But if we pass the Session object, first access the login page ( https://github.com/login ), the session will be saved as part of the object data cookies, then we only need to pass the following few parameters.

commit: Sign in
authenticity_token: 91zJcsywLXMA6eLMoZ3fLaW8z4SXuc6Qugv6H2/gyvfjAVOaqxpxHKvCVkUQa1SZg==
login: username
password: password

And authenticity_token can obtain this parameter by accessing the login page in the page, to build data dictionary to complete the login.

1.9.2, as follows
import requests
import re

headers = {
    'User-Agent': 'Mozilla/5.0 (Windows NT 10.0; Win64; x64) AppleWebKit/537.36 (KHTML, like Gecko) Chrome/80.0.3987.149 Safari/537.36',
    'Referer': 'https://github.com/',
}
base_url = 'https://github.com/login'
request = requests.Session()
res = request.get(base_url, headers=headers).content.decode('utf-8')
data = {
    'commit': 'Sign in',
    'authenticity_token': re.search(r'<input type="hidden" name="authenticity_token" value="(.*?)" />', res,re.S).group(1),
    'login': 'username',
    'password': 'password',
}

login_url = 'https://github.com/session'
res = request.post(login_url, data=data)
# with open('./1.html', 'w', encoding='utf-8') as file: #可打开这个页面,查看是否登录成功。
#     file.write(res.text)
if 'username' in res.text: #也可通过关键字,查看是否登录成功。
    print('login True')

Second, agents

2.1, the agent role
  • Break their own IP access restrictions, access to some sites not normally accessible, such as the walls of some foreign websites, and even the dark net.
  • Some units or groups to access internal resources: for example, using the education network addresses free proxy server, it can be used for all kinds of open education network FTP download upload, and share all kinds of information inquiries and other services.
  • Improve access speed: Proxy servers are usually set up a large hard disk buffer, when passed outside information, but also save it to buffer, when other users access the same information directly from the buffer Che fetch information to the user, in order to improve the access speed.
  • Hide the real IP: Internet users can also hide your IP in this way, reducing some trouble.

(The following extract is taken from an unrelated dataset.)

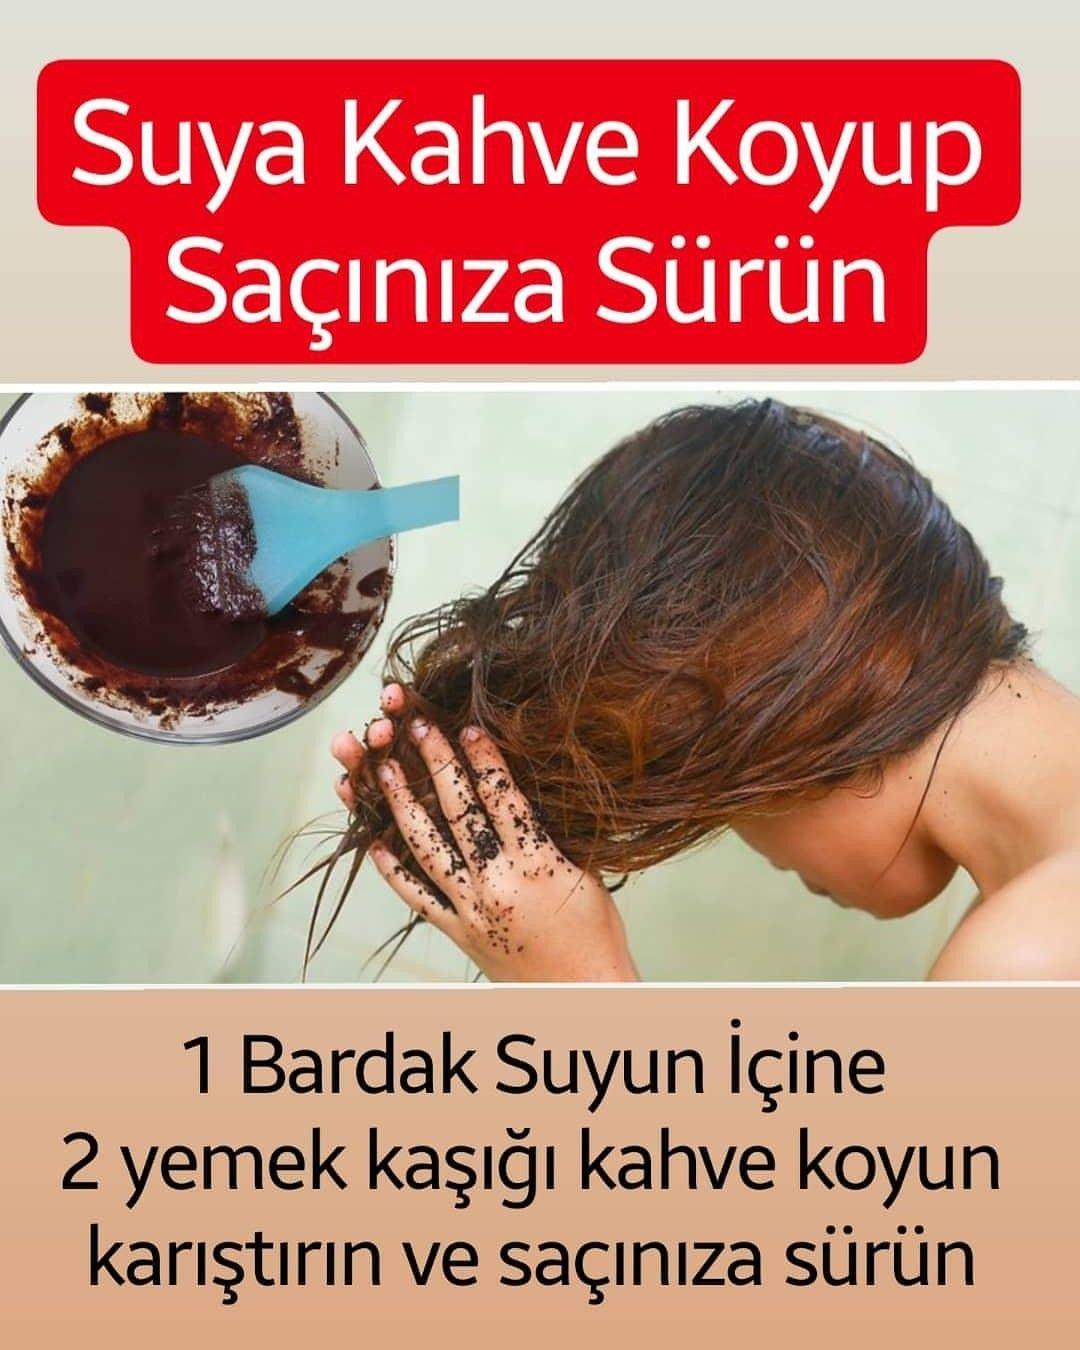 Suya Kahve Koyup Saçınıza Sürün Sonuç muhteşem

For reptiles, the agency that we use in order to hide their own IP, to prevent their being blocked.
2.2, IP classification
2.2.1, according to the agreement
  • FTP proxy server: mainly used for access to FTP servers generally have upload, download and cache function, the port is usually 21, 2121 and so on.
  • HTTP proxy server: mainly used to access the Web pages, the content filtering and caching, the port is usually 80, 8080, 3128 and so on.
  • SSL / TLS Proxy: mainly used to access the encrypted site, generally have SSL or TLS encryption, port, usually 443.
  • RTSP proxy: mainly used to access the Real streaming media server, generally cache function, the port is usually 554.
  • Telnet proxy: mainly used for telnet remote control (computer hacker invasion is often used to hide the identity), the port is usually 23
  • POP3 / SMTP proxy: mainly used for POP3 / SMTP mail mode, generally cache function, typically 110 ports / 25.
  • SOCKS proxy: simply pass packets do not care about the specific protocol and usage, so a lot of speed, generally cache function, the port is usually 1080. SOCKS proxy protocol is divided into SOCKS4 and SOCKS5, the former only supports TCP, while the latter supports TCP and UDP, also supports a variety of authentication mechanisms, such as domain name resolution server. In simple terms, SOCKS4 SOCKS5 can do can be done, but can do SOCKS4 SOCKS5 not be able to do it.
2.2.2, the degree of anonymity in accordance with points
  • High anonymous proxy: intact packets will be forwarded to the proxy server IP as a real ip, highest security. Packet as follows:

    • REMOTE_ADDR =代理IP
      
      HTTP_VIA = 没数值或不显示
      
      HTTP_X_FORWARDED_FOR =没数值或不显示
      
  • Anonymous Proxy: Use proxy server know you are, but do not know your real IP. Packet is shown below

    • REMOTE_ADDR =最后一个代理服务器IP
      
      HTTP_VIA = 代理服务器IP
      
      HTTP_X_FORWARDED_FOR=途经代理IP
      
  • Transparent Proxy: Use proxy server know you are, but also to know your real ip. Packet follows

    • REMOTE_ADDR =最后一个代理服务器IP
      
      HTTP_VIA = 代理服务器IP
      
      HTTP_X_FORWARDED_FOR=真实IP,途经代理IP
      
2.3, agent acquisition
  • 1, the proxy server vendor to purchase, usually provides the interface, easy to use, high efficiency.
  • 2, take their own climb from the Internet, because it is free, so inefficient.
2.4, the agent uses

I am here https://www.xicidaili.com/nn/ from west thorn agency official website, copy a few.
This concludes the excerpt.